**WHAT NEEDS TO BE DONE:** Retype all data exactly as given. Pictures should not be retyped.

**PROVIDED MATERIAL:**
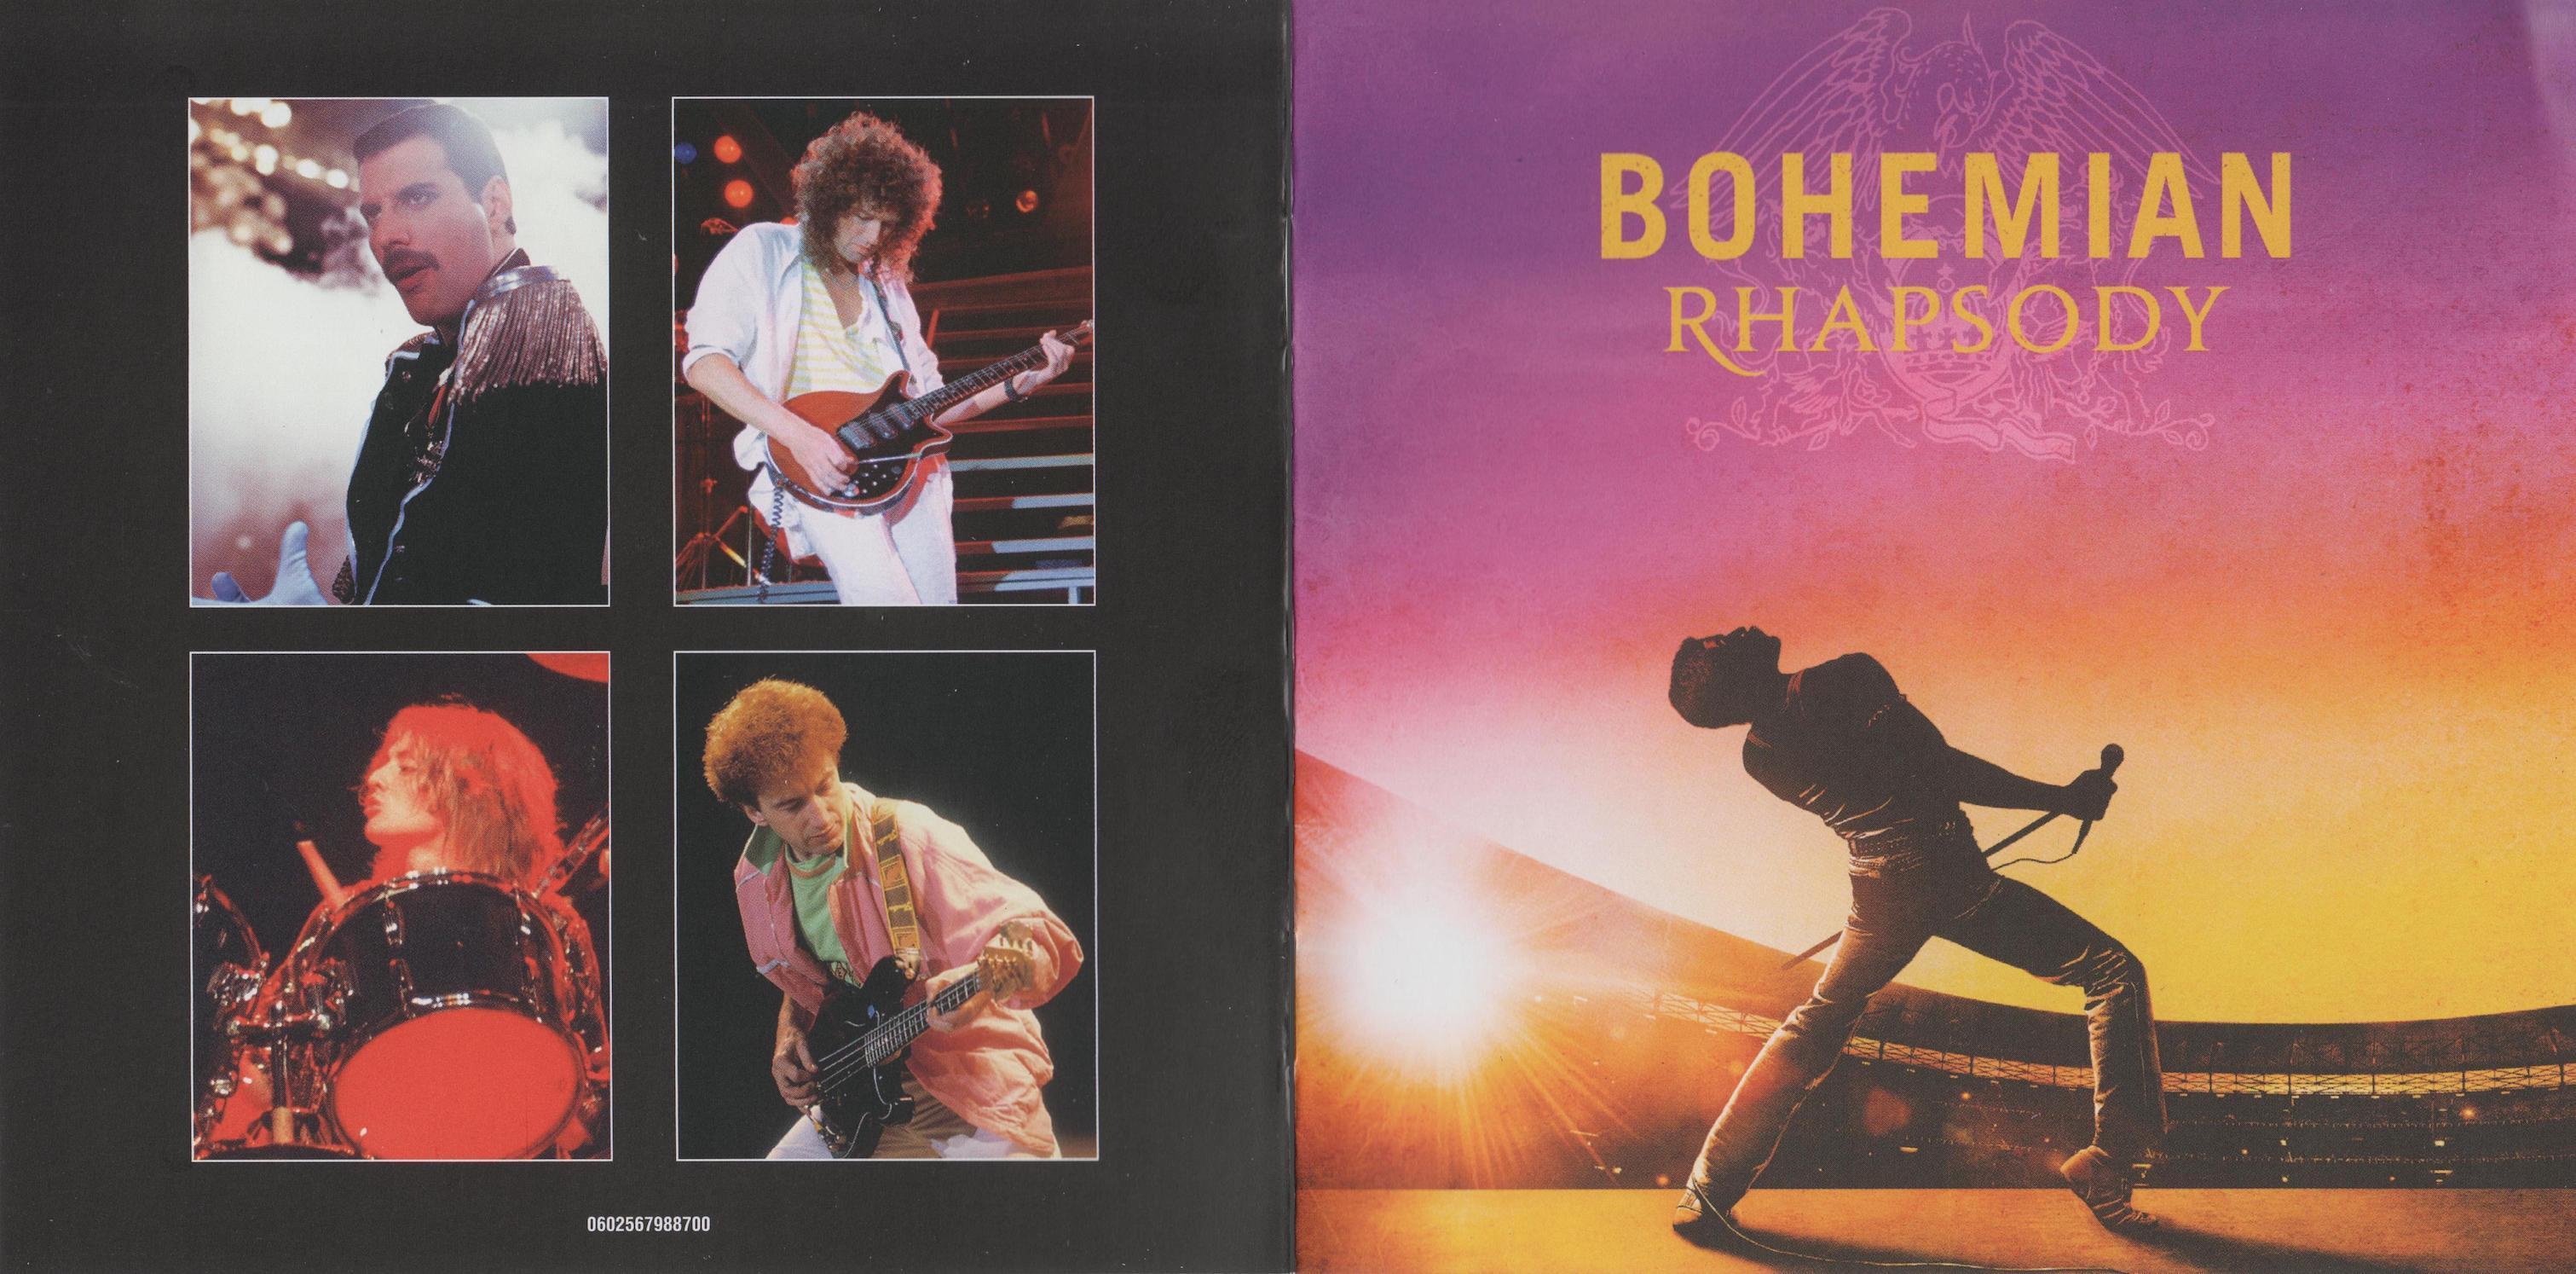 Bohemian Rhapsody 2018 Dvd Label
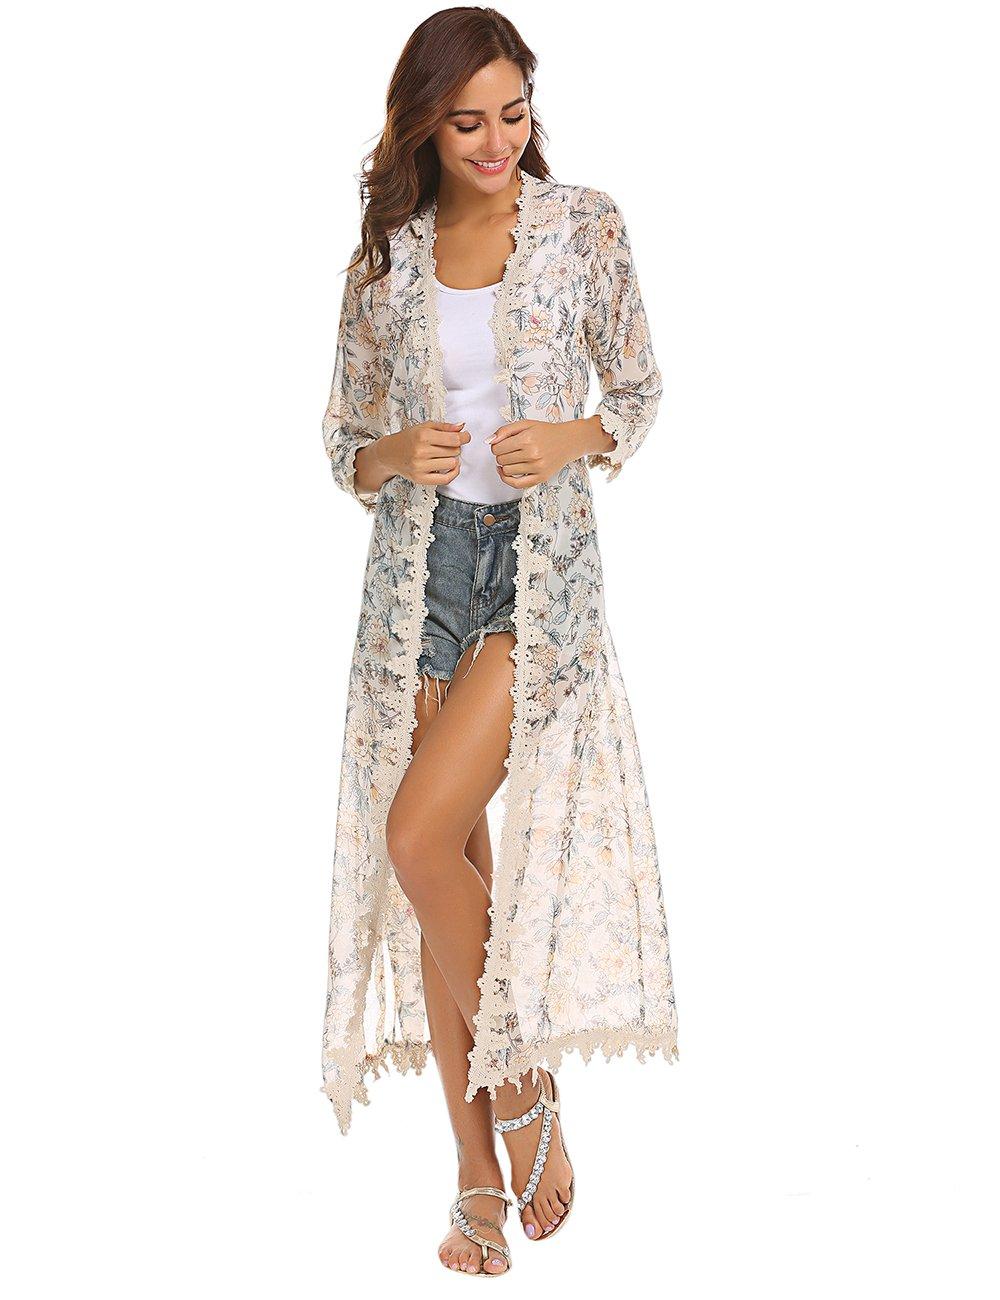 LuckyMore Women's 3/4 Sleeve Long Chiffon Swimsuit Bathing Suit Beach Bikini Swimwear Cover up Kimono Cardigan Beige S
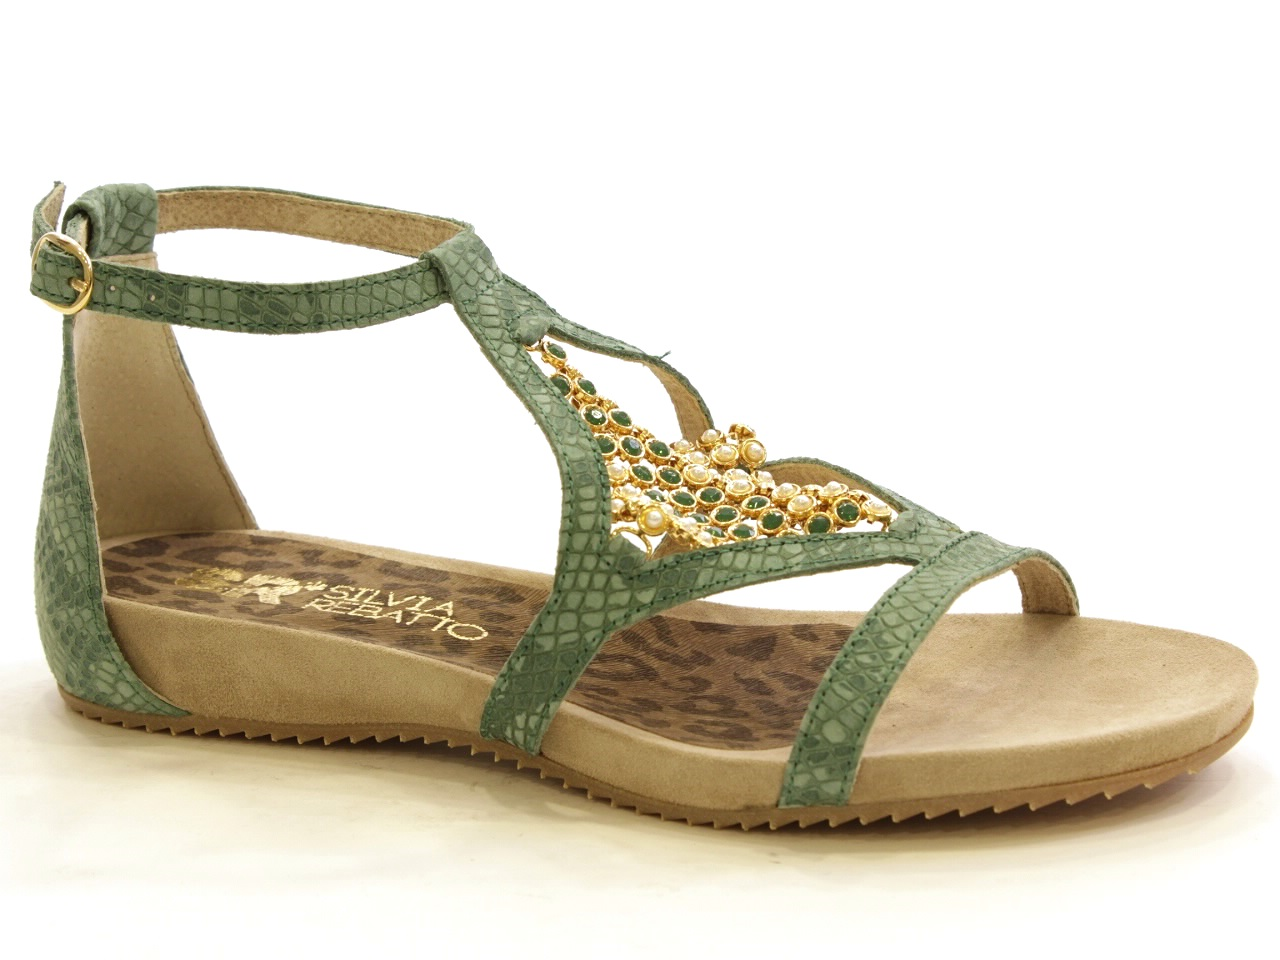 Flat Sandals Silvia Rebatto - 019 S9036

**RESPONSE TO THIS EXERCISE:**
 Bohemian Rhapsody 2018 Dvd Label
 LuckyMore Women's 3/4 Sleeve Long Chiffon Swimsuit Bathing Suit Beach Bikini Swimwear Cover up Kimono Cardigan Beige S
 Flat Sandals Silvia Rebatto - 019 S9036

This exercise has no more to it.